In March 2014 Payscale came out with its annual rankings of colleges based on how much graduates earn after 20 years. As before, there was a lot of grousing about the data. How can we trust the self-reported salaries of people who happen to choose to participate in the Payscale surveys? The #1 college — Harvey Mudd — used self-reported data from only 112 graduates. How can we judge the economic value of a highly selective college where the majority of the graduates go onto grad school? All MBAs, law degrees, medical degrees, PhDs — all students with graduate degrees — are not included. The methodology ends up elevating schools with big engineering programs because many engineering undergraduates go on to earn good livings without going to grad school. And that helps explain why engineering-heavy Stanford and MIT rise well above Harvard and Yale.
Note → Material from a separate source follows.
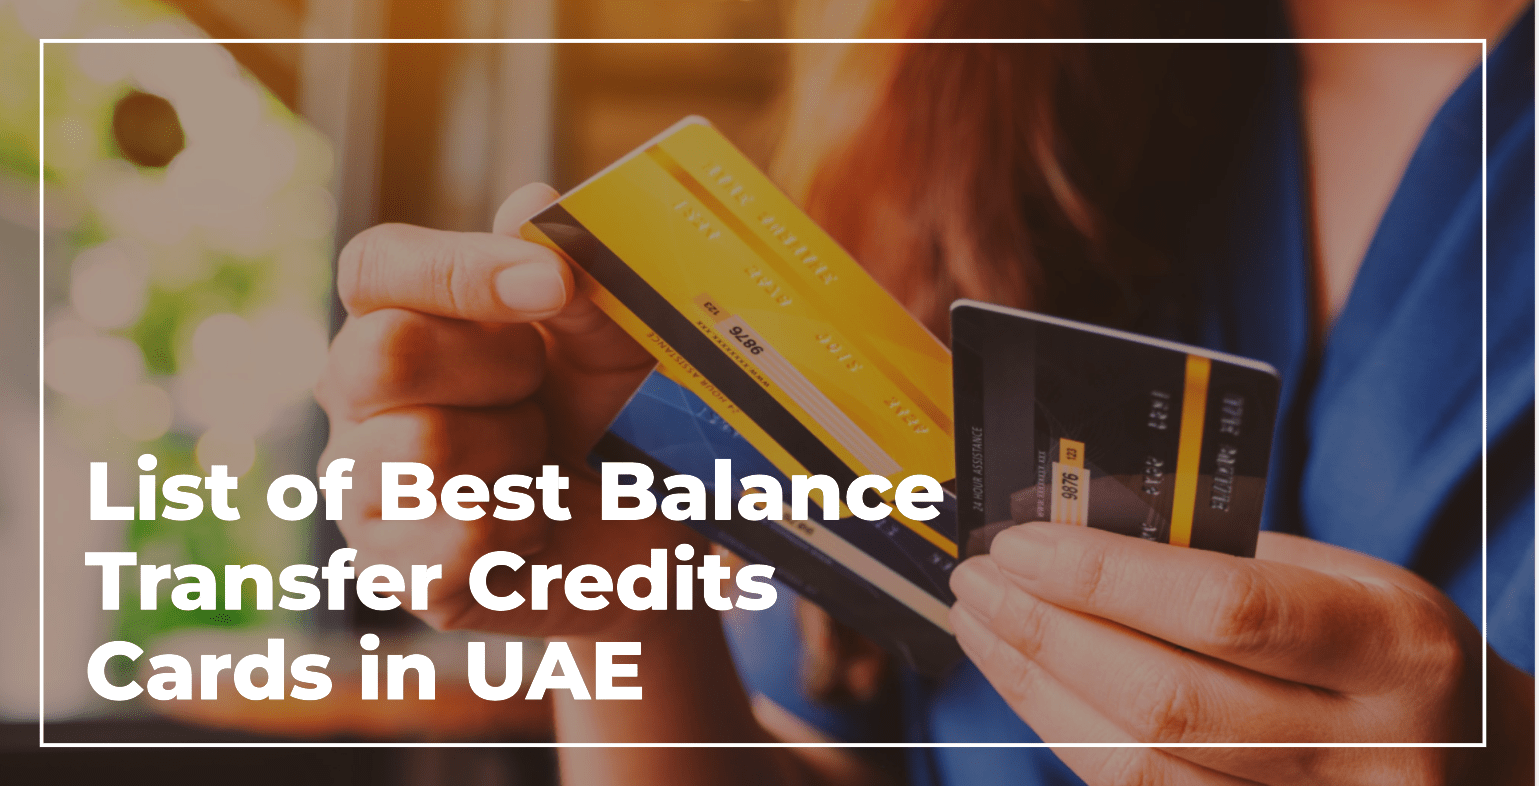 Balance Transfer Credits Cards in UAE
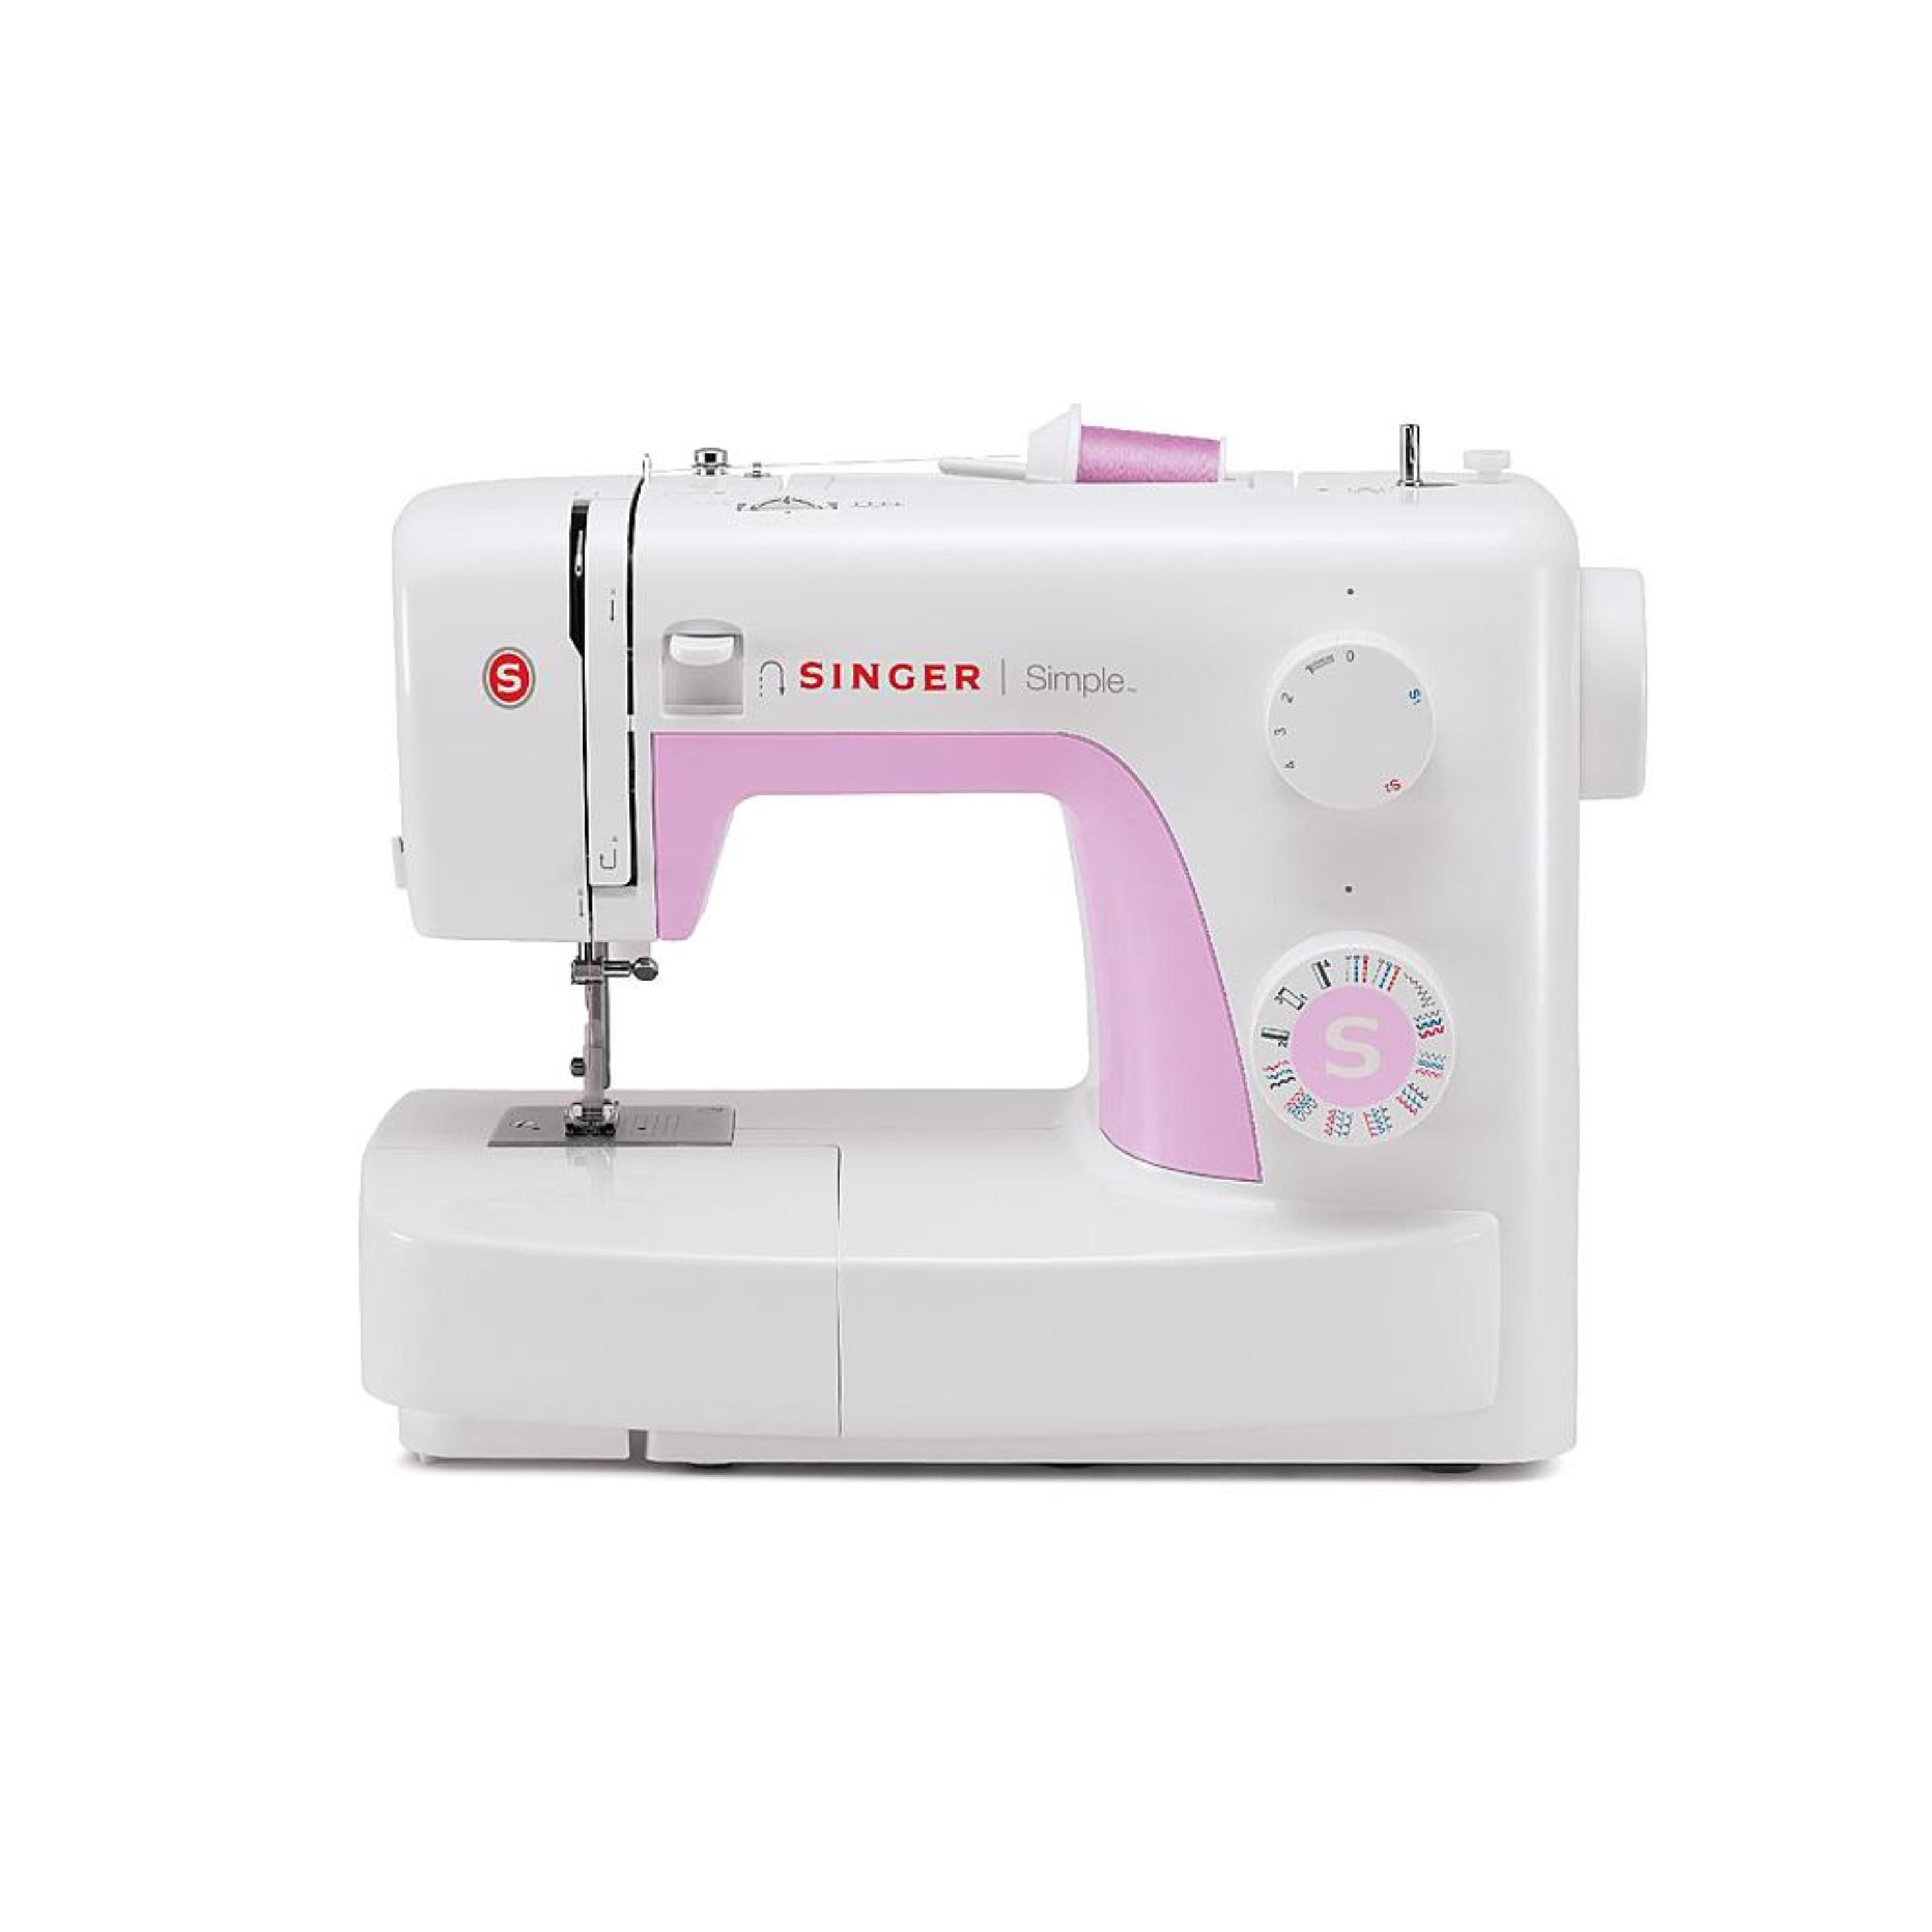 Singer Sınger Simple 3223 Sewing Machine - Sewing Machines - AliExpress

The Obama administration is working on its own college ratings system, “Postsecondary Institution Ratings System,” that’s supposed to be up and running in the fall of 2015. The government held a symposium in February 2014 where data experts offered their ideas on how the government should design it. The New America Foundation pointed out in a comment letter that the government already collects a lot of salary information . If we could tap into the Social Security Administration database, then we could have a pretty good sense of what post-college earnings really are at every institution.
Is it possible to do that without violating individual privacy? And does Social Security even track wages above its salary cap of $117,000?